This study will evaluate the safety and effectiveness of lamivudine plus adefovir versus
adefovir alone to treat chronic hepatitis B infection. The Food and Drug Administration has
approved lamivudine for the treatment of hepatitis B. However, the drug is not effective in
all patients, and many of those in whom it initially works develop resistance after 1 to 3
years. Adefovir is an experimental drug that inhibits replication of the hepatitis B virus
(HBV). Adefovir used alone may be adequate to provide sustained suppression of the virus and
improvement in liver disease. However combining two anti-viral agents may be superior to
using one alone, similar to the strategy employed for the treatment of AIDS. This study will
test whether the combination of lamivudine and adefovir is better than adefovir alone for
the treatment of chronic hepatitis B.
Patients 18 years of age and older, who have been infected with HBV for at least 6 months,
may be eligible for this study. Candidates may not have received lamivudine treatment in the
past 6 months or prior treatment with adefovir and must not be taking other anti-viral
treatments for their hepatitis. They will have a blood test to confirm HBV infection.

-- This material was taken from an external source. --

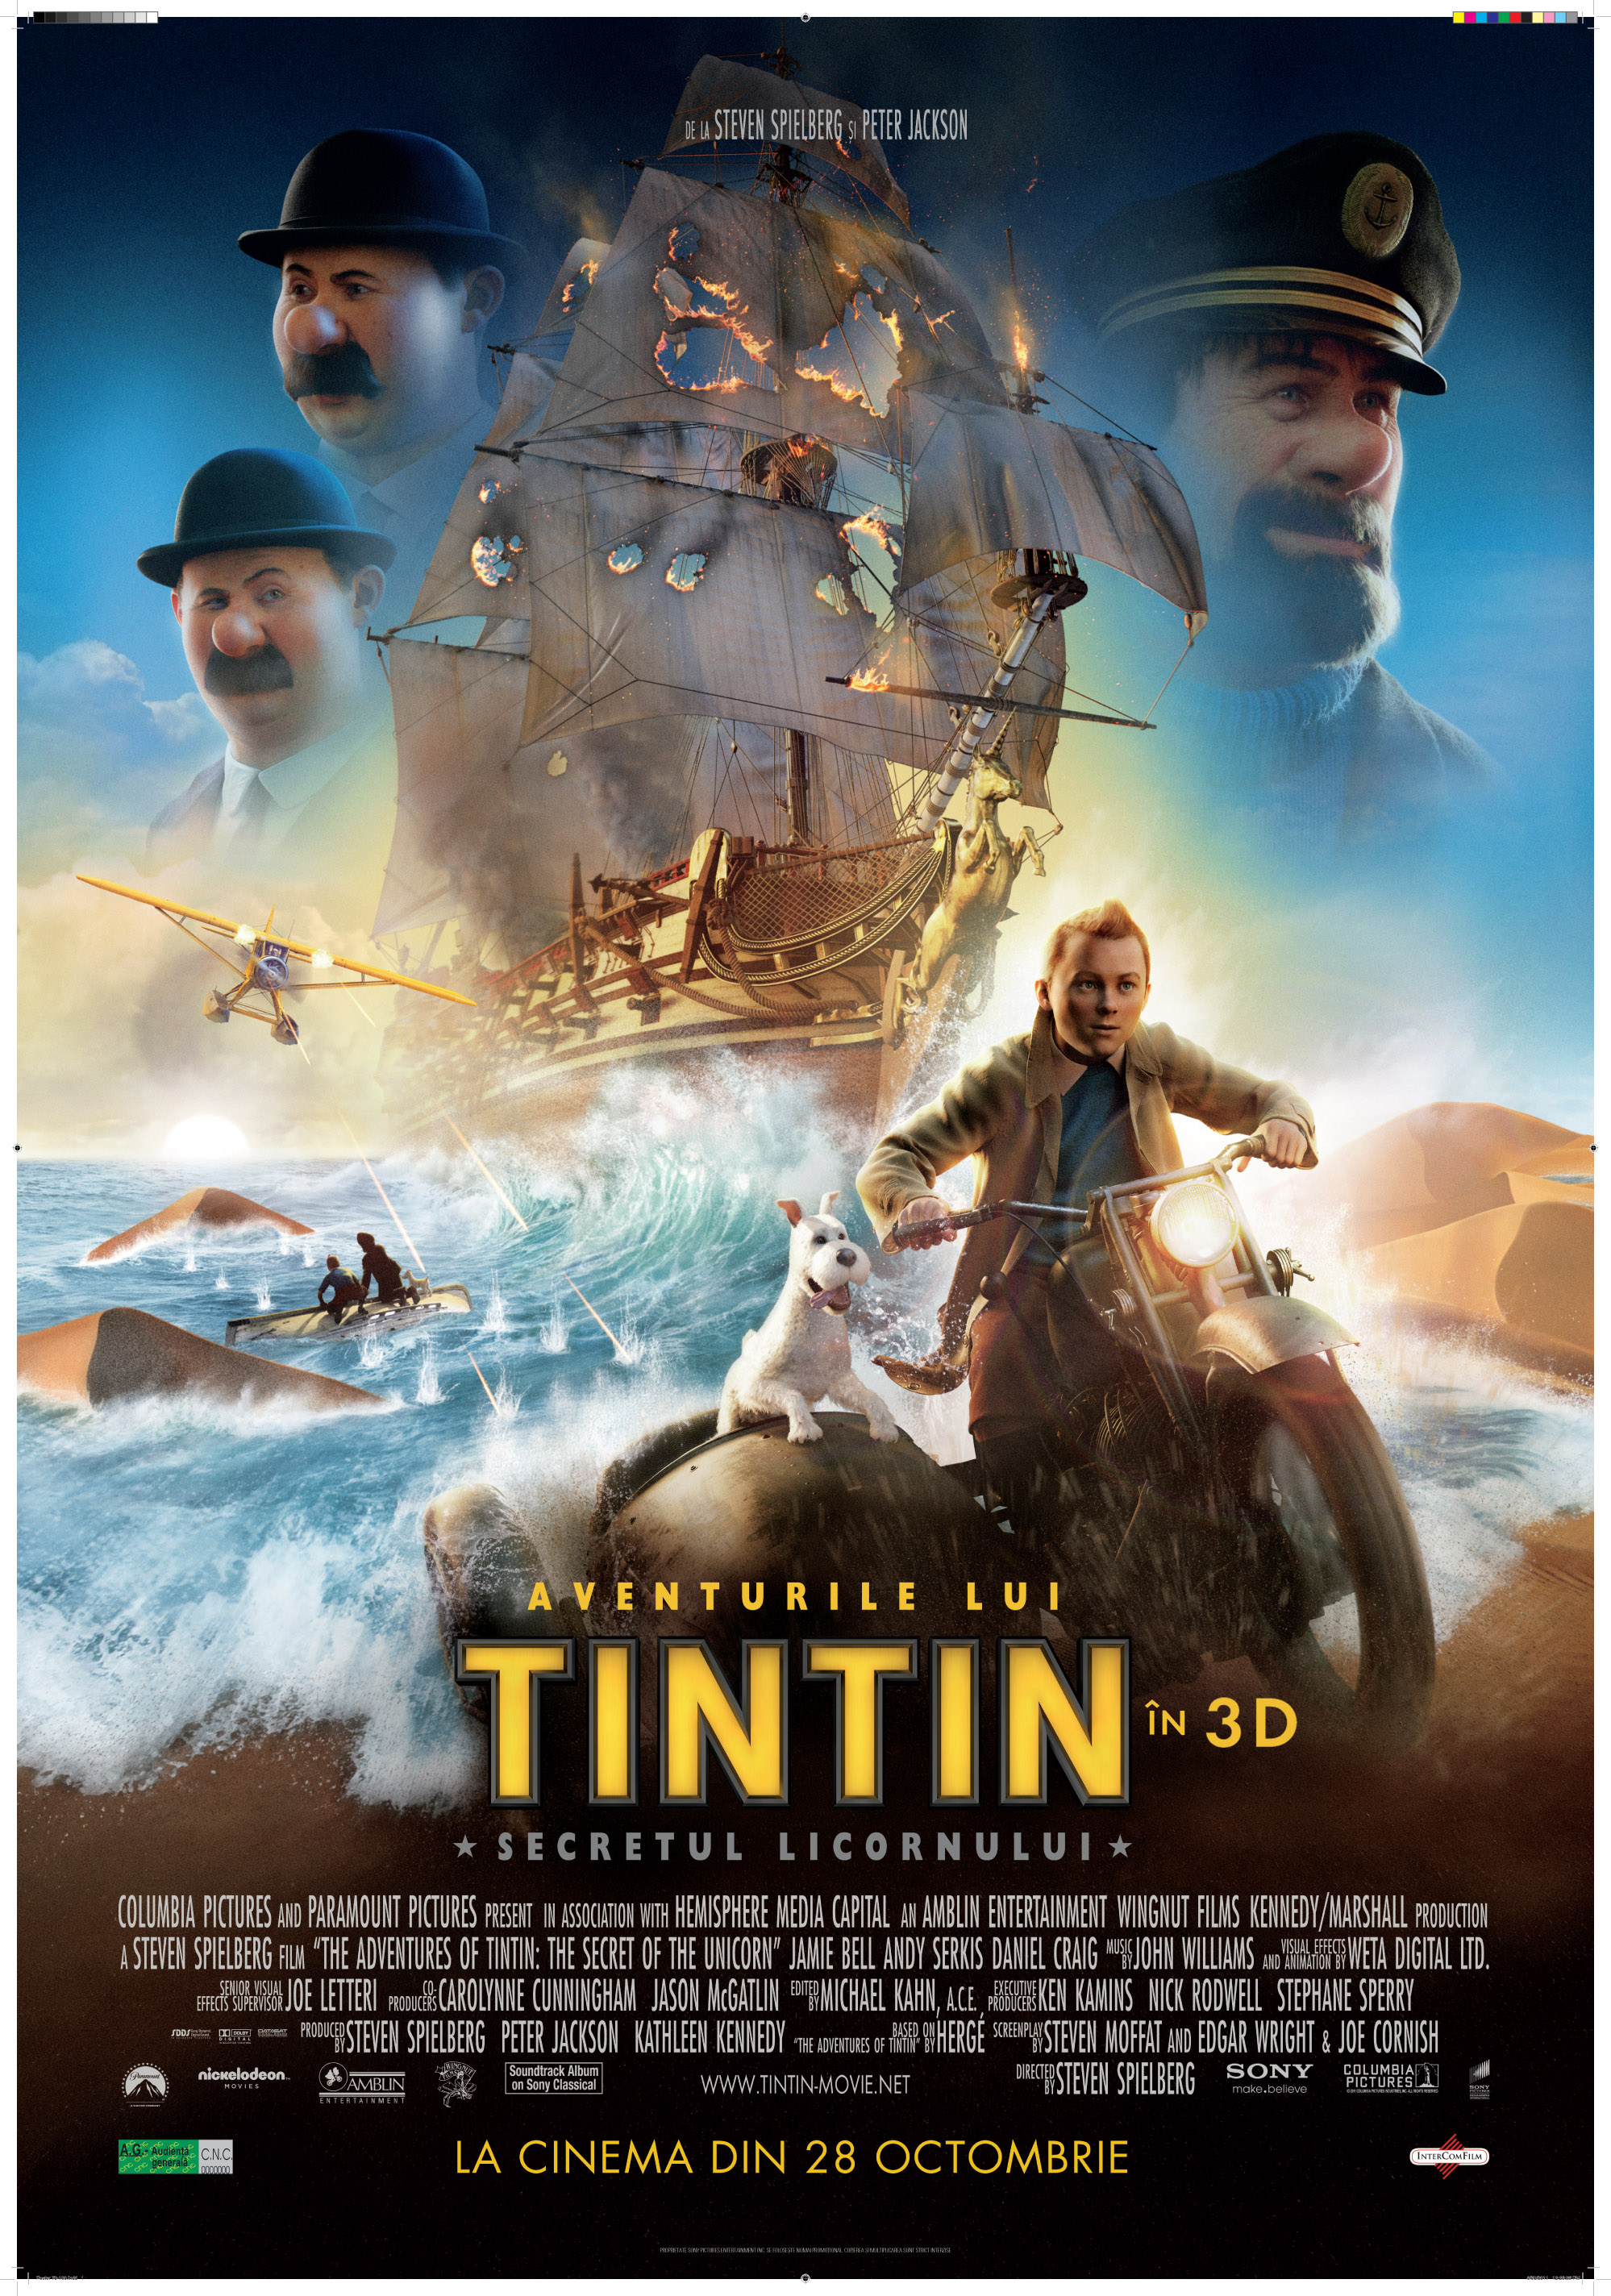 Te trimit la Aventurile lui TinTin in 3D la IMAX Cotroceni
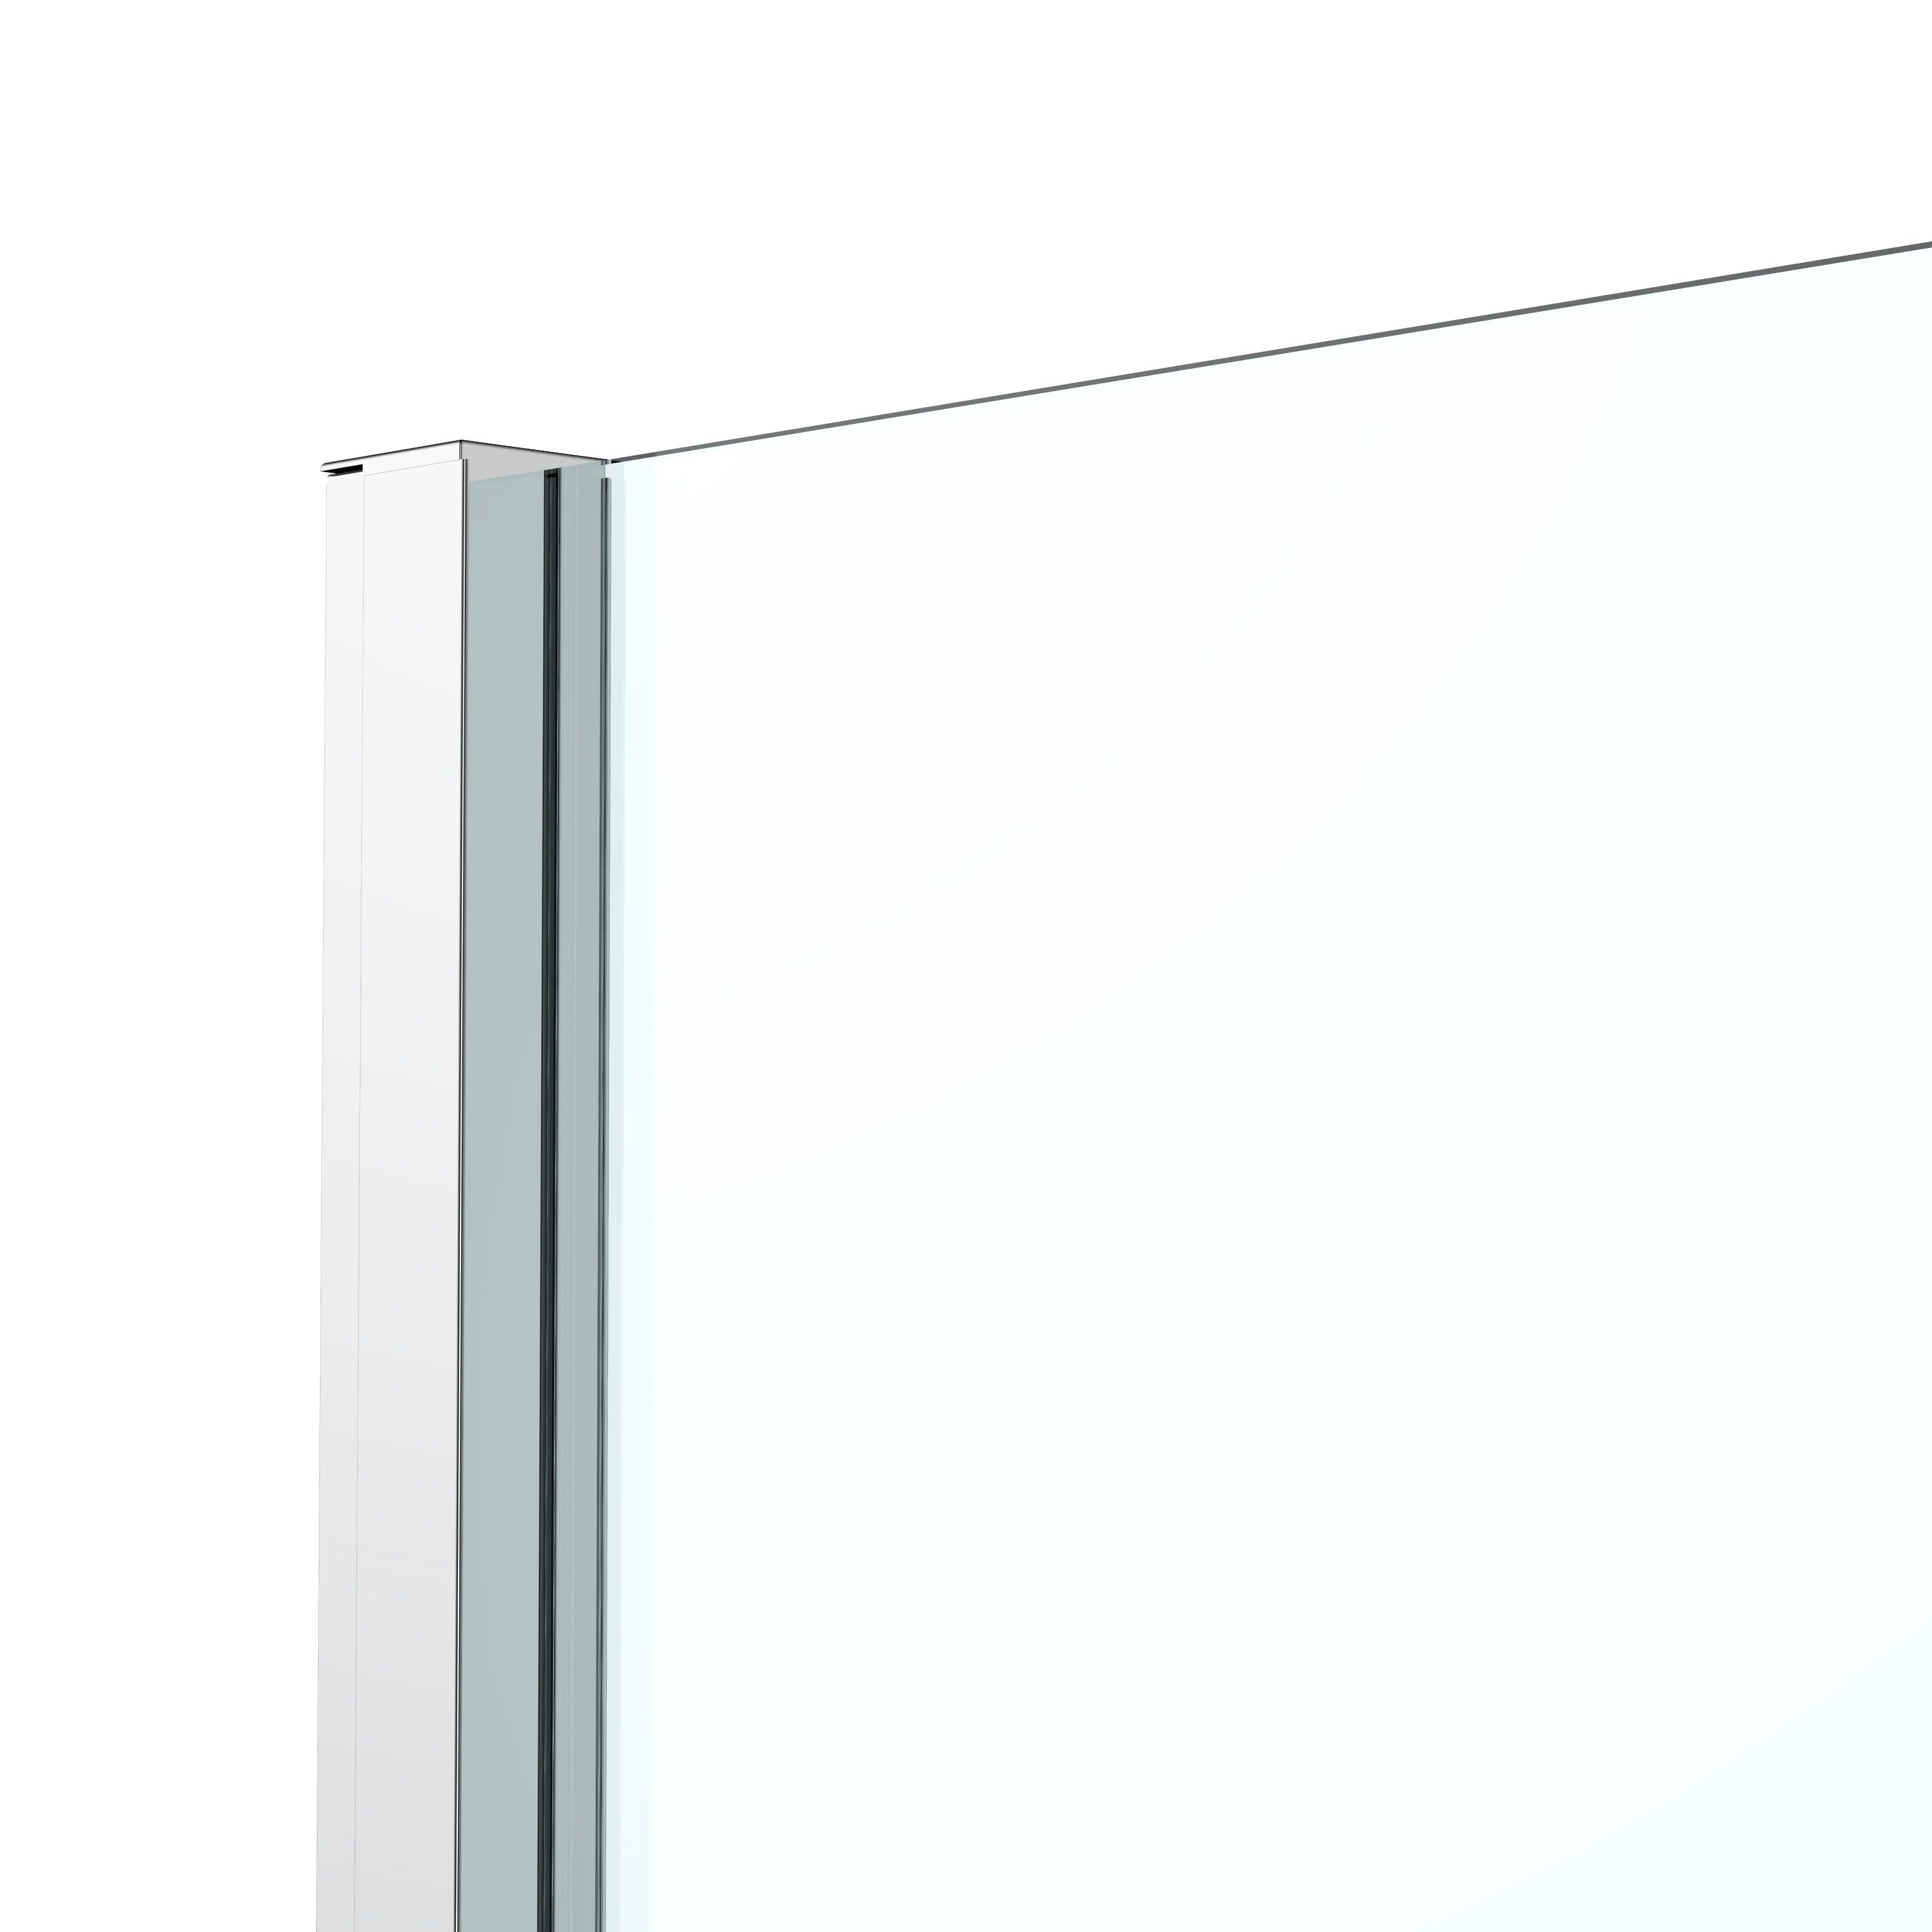 GoodHome Ledava Framed Chrome Mirror Fixed Side End panel (H)195cm (W)76cm

Participants will be admitted to the NIH Clinical Center for 2 to 3 days for a medical
evaluation. One to 2 weeks after the evaluation, patients will be randomized to begin taking
lamivudine and adefovir, or adefovir alone. Therapy will continue for at least 12 months.
Follow-up clinic visits will be scheduled weekly for the first month, then every 4 to 8
weeks for the rest of the treatment period. Patients will be evaluated at the end of 1 year.
Patients who have not improved with treatment will stop taking the treatment and will be
evaluated in the clinic once every 4 weeks for another 6 months. Patients who show an
improvement in their liver injury may continue taking lamivudine and adefovir or adefovir
alone for 4 more years, as long as they continue to improve with the medication. Progress
will be evaluated. If the test results show no continued improvement or are negative for
hepatitis B antigens, therapy will be stopped.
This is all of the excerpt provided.